-- WHAT IS REQUIRED --
All lines from the one containing "Non-verbal Autism I" through the end of the data below are to be repeated exactly, with pictures left out.

-- PROVIDED MATERIAL --
- - - -

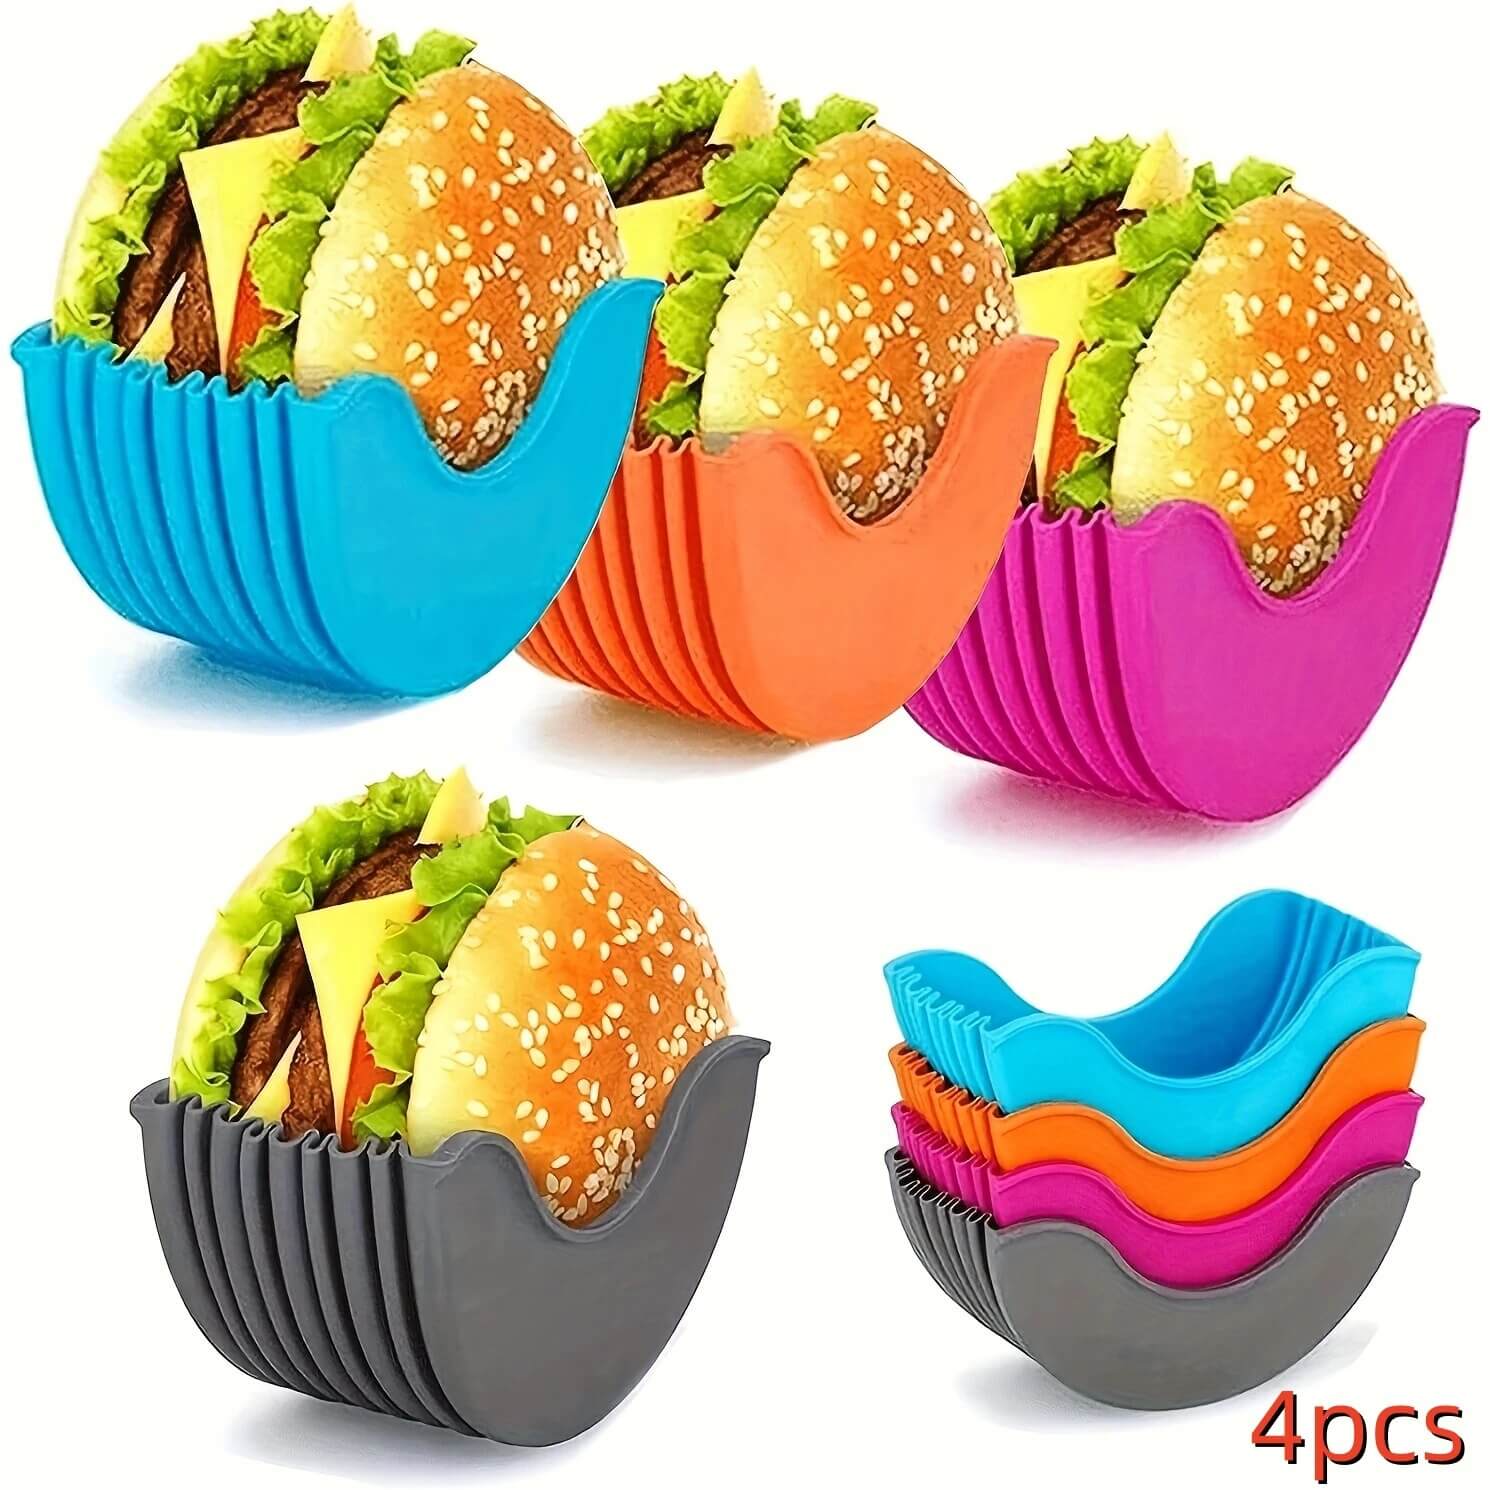 Ultimate Burger Buddy: Retractable Hamburger Holders with Sauce Stations
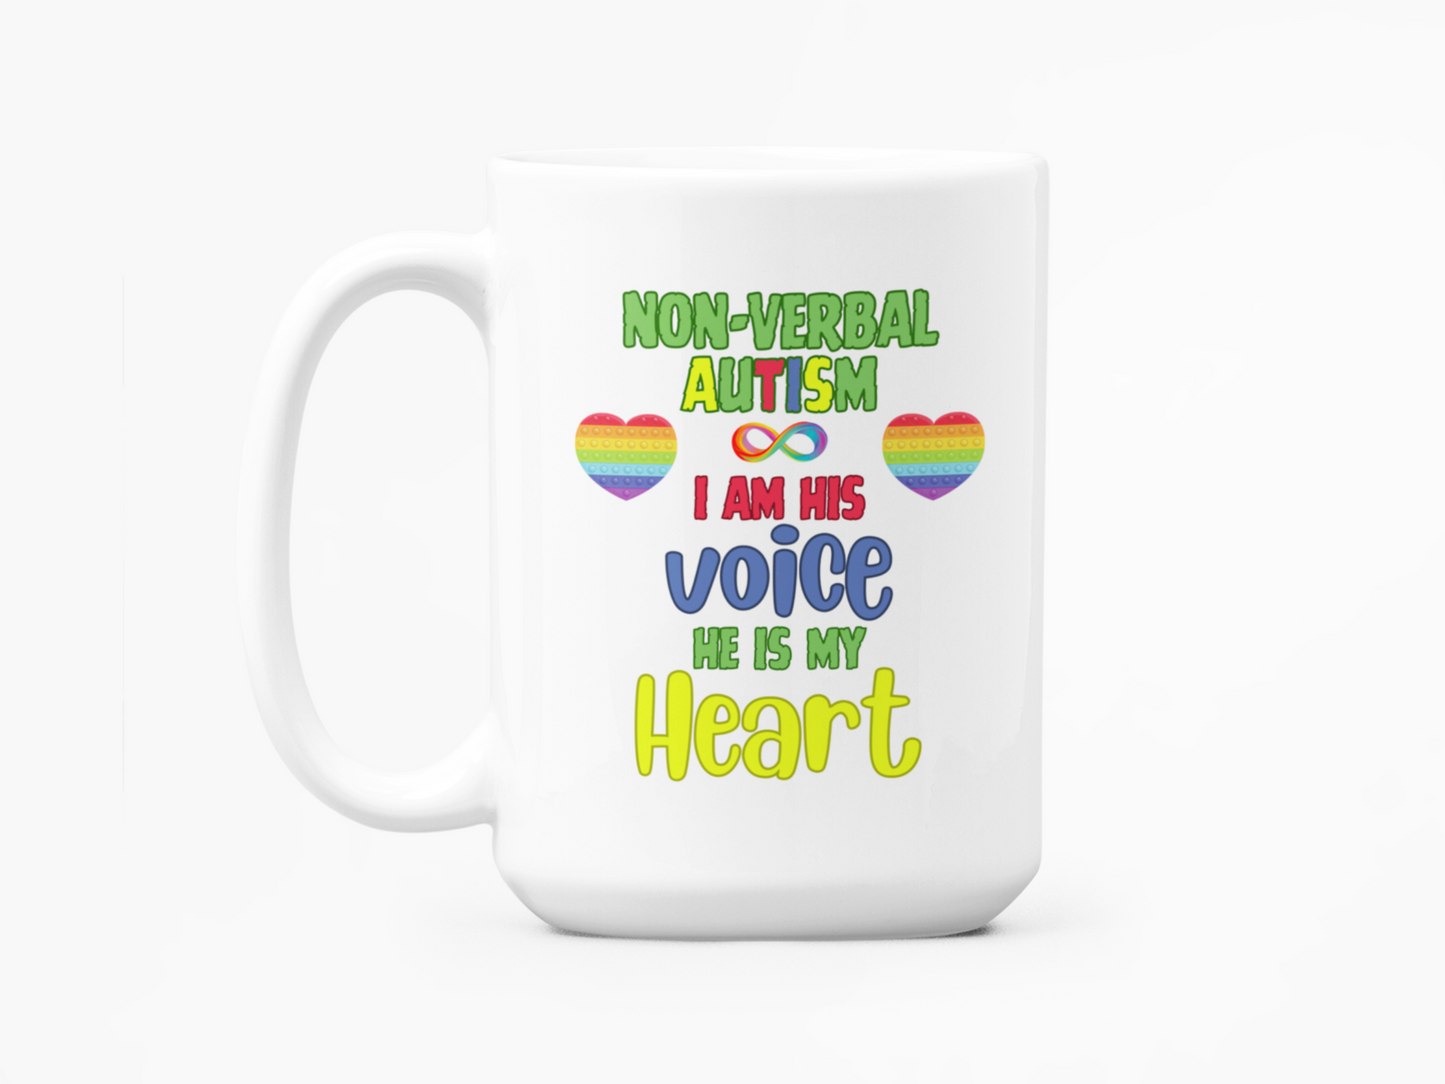 Non-verbal Autism I am his voice he is my heart coffee mug
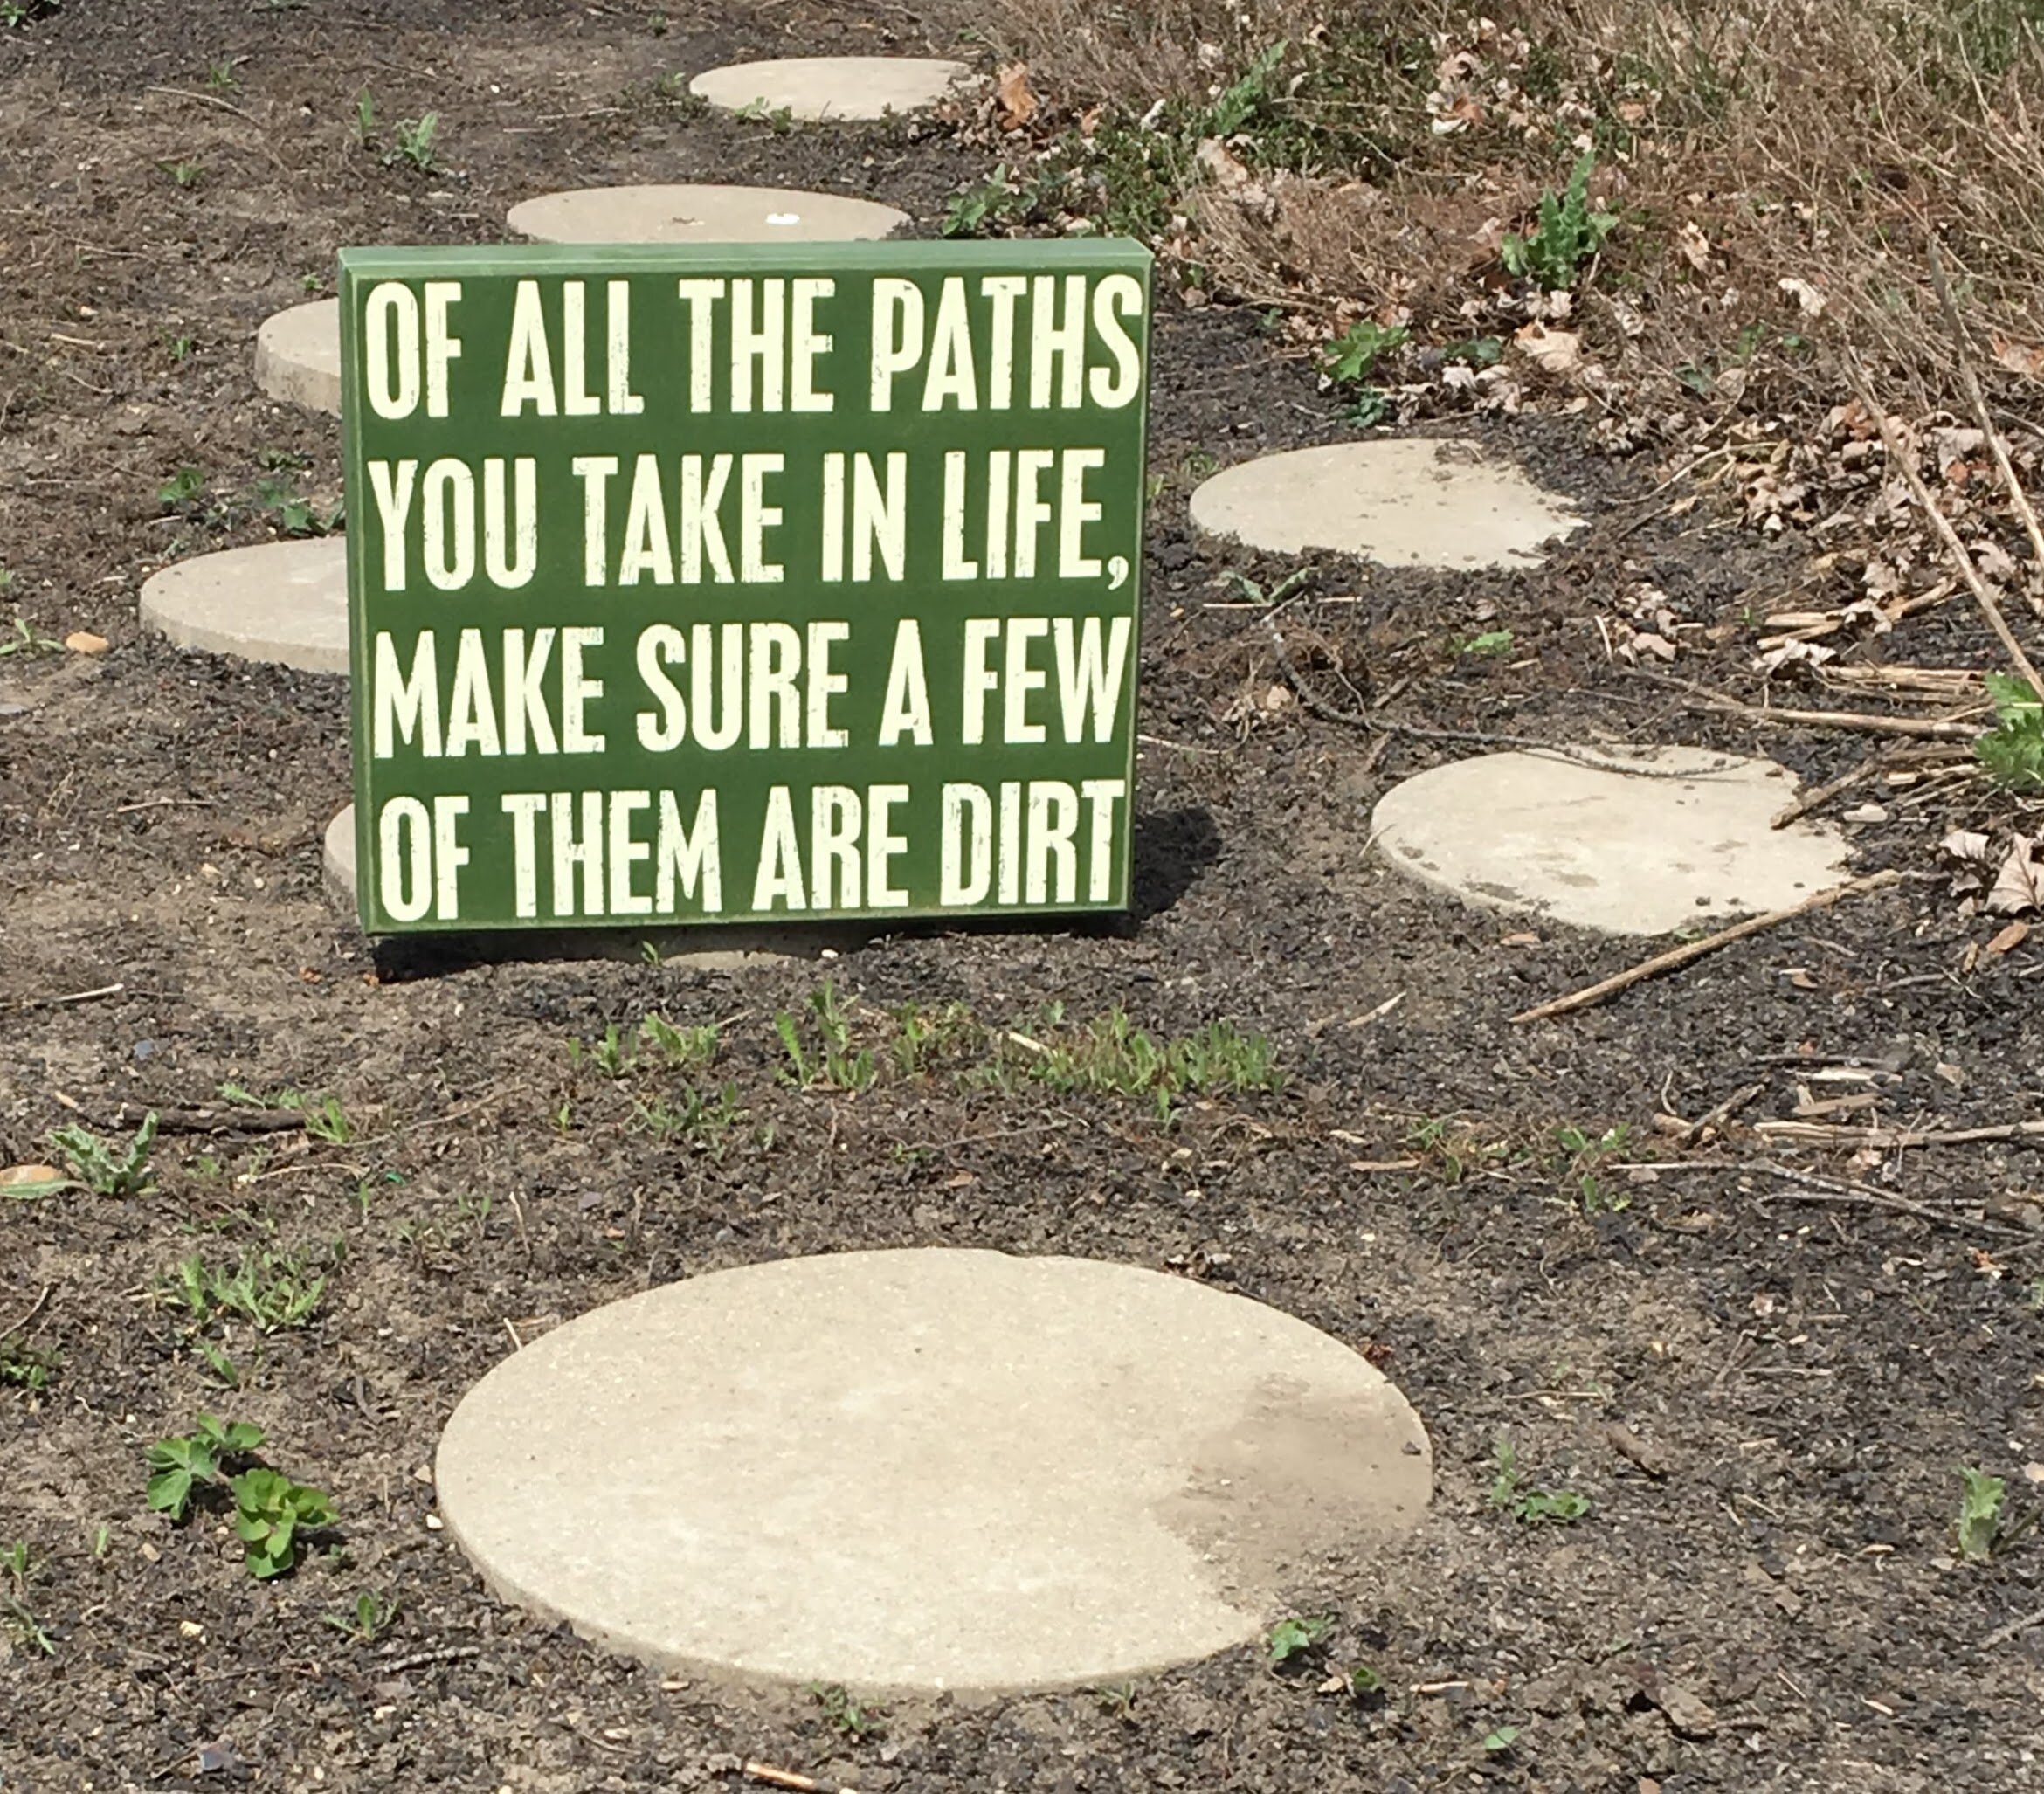  Of all the paths you take in life, make sure a few of them are dirt.

- - - -

-- TASK RESULT --
 Non-verbal Autism I am his voice he is my heart coffee mug
  Of all the paths you take in life, make sure a few of them are dirt.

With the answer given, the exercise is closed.